• /
  • /
Automating Sales Forecasting for New Products
Introducing new items into a retail assortment is a challenge familiar to both manufacturers and retailers. Retailers, with their vast volumes of data, can estimate sales of new products based on their characteristics. Yet this process is slow, labor‑intensive, and only partially automated, requiring analysts to manually gather statistics on similar products or categories. This article outlines a method for automating the estimation of future sales for products with no historical data.
Cold‑Start Forecasting Using Traditional Methods
When a product has no sales history, the forecasting task is known as the cold start problem. In such cases, analysts rely on general product attributes such as category, weight, and price.

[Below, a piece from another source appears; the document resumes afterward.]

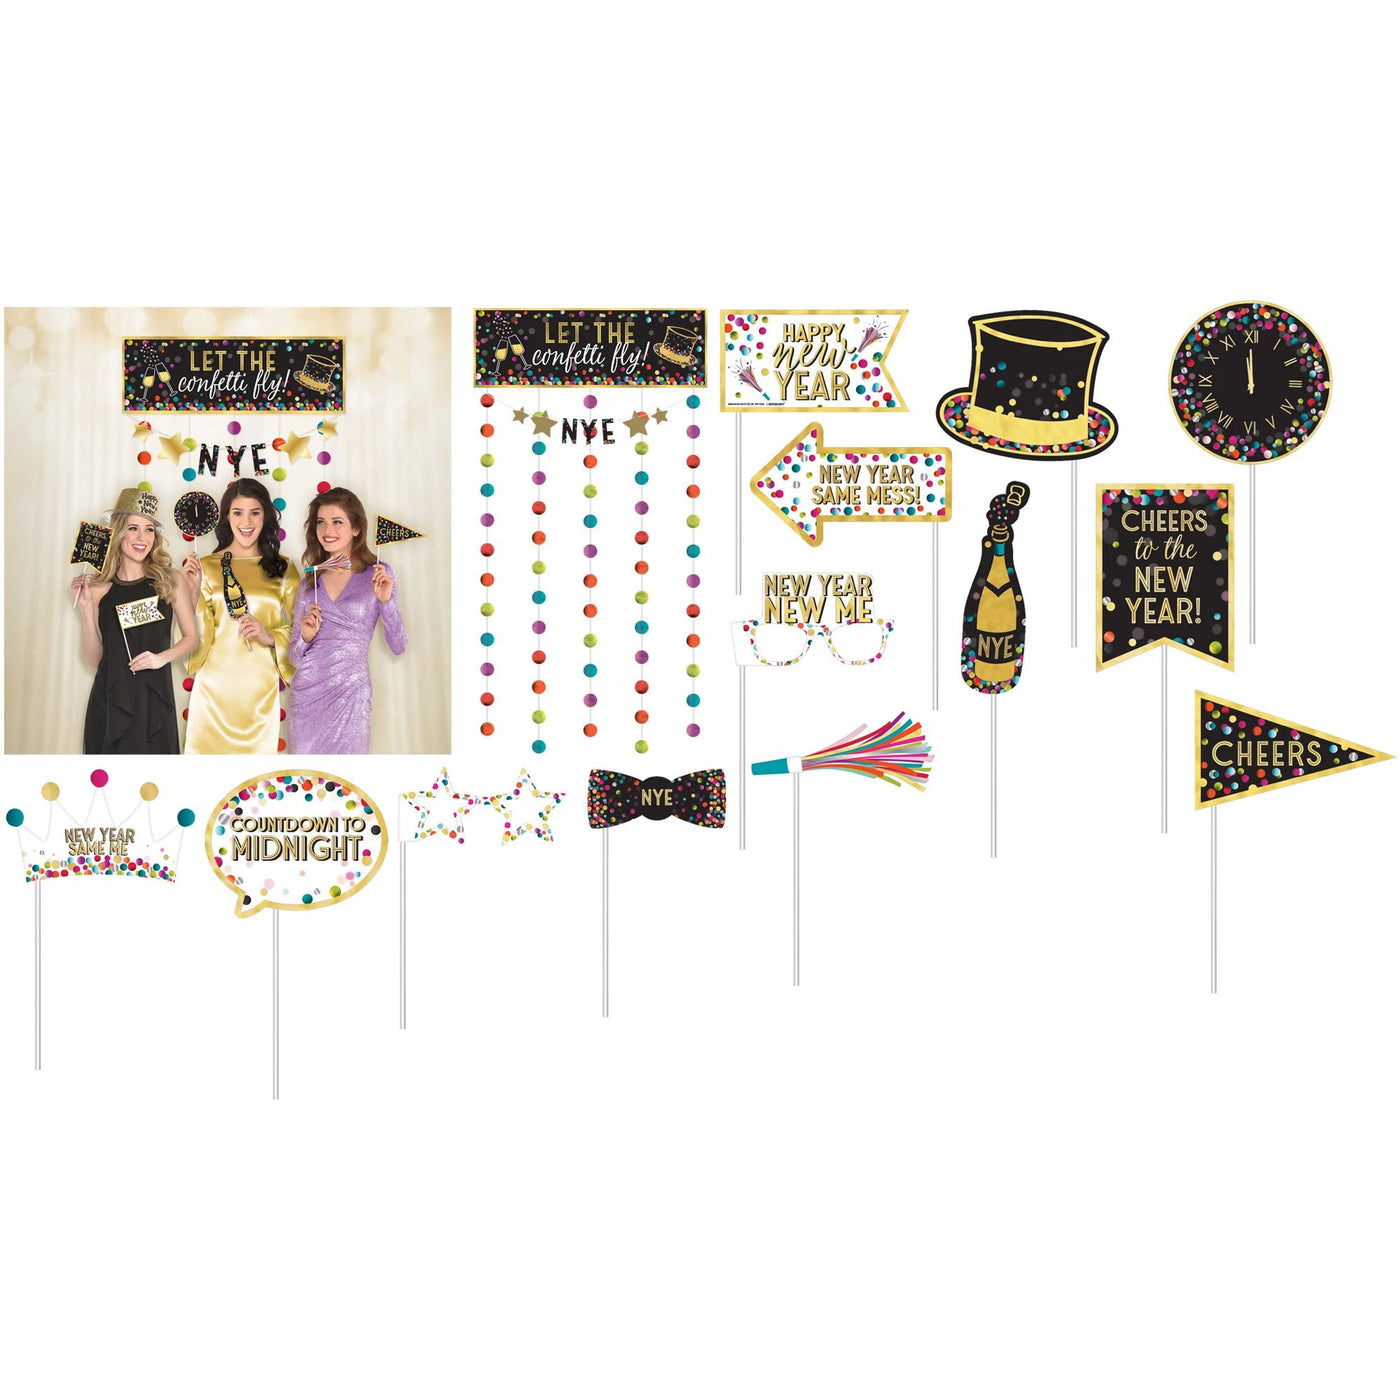 New Years Photo Booth Kit

When introducing a new product to the market, retailers typically perform three key tasks:
  • Identifying similar products — usually done manually
  • Collecting sales statistics for these analogs
  • Estimating sales of the new product based on statistics and expert judgment
Below, we explore how this workflow can be automated using Natural Language Processing (NLP).
Machine Learning and Large Language Models as the Foundation
Machine learning (ML) and large language models (LLMs) can significantly streamline the process by automatically extracting product features from names and descriptions.

Step‑by‑Step Concept
  1. Feature generation: An LLM extracts structured attributes from product descriptions. These attributes can be predefined by the business (e.g., product group, price tier, weight).
  2. Automated analog search: Based on extracted attributes, the system retrieves sales data for similar products. This step can be fully automated by defining a data‑extraction pipeline.
  3. Sales statistics construction: The system builds aggregated statistics for analog products, including monthly demand and seasonality.
  4. Feature set formation: The extracted LLM features are combined with traditional aggregated metrics from similar products and categories.
  5. Forecast model creation: A machine learning model predicts demand for the new product.
  6. Business validation: Forecasts are adjusted using business rules such as minimum stock levels, logistics constraints, shelf‑space limits, and contractual obligations.
Solution Architecture
The full solution can be broken down into functional modules:
  • Data sources: product cards, sales history, promo history, planned promotions
  • LLM module: feature extraction
  • Analog search module
  • Forecasting module: ML model plus business rules
  • Interface: API or dashboard
Conclusion
Automating the introduction of new products is a major step toward more flexible and accurate assortment management. Machine learning enables retailers to react faster to market changes and reduce operational costs. As assortments grow and turnover accelerates, manual demand estimation becomes a bottleneck that limits scalability.

A fully automated system also unlocks additional benefits:
  • Scalability: the ability to process thousands of new products without expanding the analytics team
  • Process integration: automatic forecast delivery to ERP/CRM systems, procurement planning, and logistics
  • Adaptability: rapid re‑estimation of demand when descriptions, prices, or supply conditions change
  • Feedback loops: continuous improvement of model accuracy through accumulated forecast errors

Machine learning transforms product descriptions into structured features, automatically identifies relevant analogs, and builds demand forecasts that account for seasonality, pricing, and logistical constraints. This reduces reliance on expert judgment, minimizes human error, and accelerates the launch of new products.